I hike the Scottish National Trail to fix my mind; for me there is no better time to hike than now. If I have to rebook my flights, I will, and I’m even prepared to postpone until April 2021 if I have to. This last game of 2020 I became a mentally ill 30 year old my mind was sick after a traumatic year caring for a gravely ill mother and half a decade in a low paying retail job that got me nowhere go. Last fall I felt myself slipping into dark places I didn’t want to go, so on the advice of my doctor I started taking antidepressants which I believe saved my life, du less for now. I believe this solo hike will help my confidence grow and help me find the courage to succeed not only professionally, but in life. I hope this hike will help eliminate my need for medication as a safety crutch. Social anxiety is a dragon I’m determined to slay, and I don’t think there’s a better way to do that than to hunt a unicorn (which is Scotland’s awesome national animal).

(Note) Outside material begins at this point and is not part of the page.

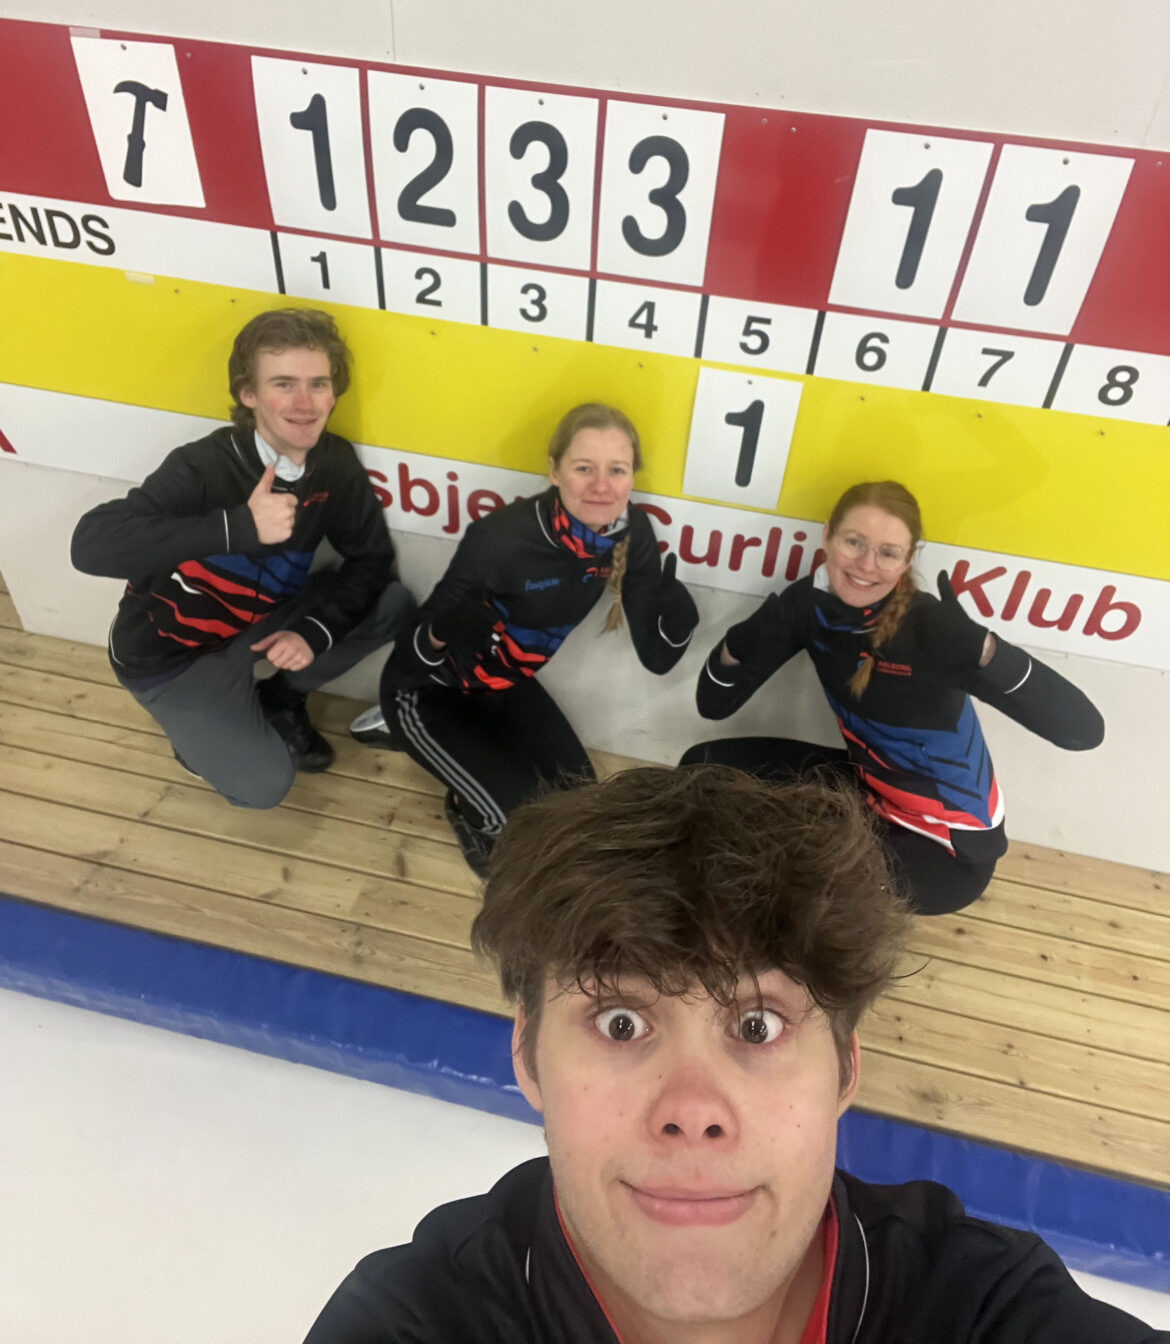 Satsninger gav vækst: Aalborg Curling Klub har tredoblet medlemmer på isen

And in case you were wondering how the sad story of my 2019 ended, well it ended with my beloved mother coming home for Christmas thanks to an amazing general surgeon and his team that saved his life. She has now returned to avid hiking, video games, gardening and being a real dynamo working on the cabin she has been building with my dad for five years. She’s a badass and I couldn’t be more proud of her. Despite the many daunting obstacles she faced, she rides and her trials are another inspiration for my ride. I want to enjoy my sound body while I still have it, so that when I’m old, and maybe a little grumpy, I can say in my coaxing old lady’s voice, “When I was young, I traveled the vertical length of Scotland.”

Hopefully a few other long trails too.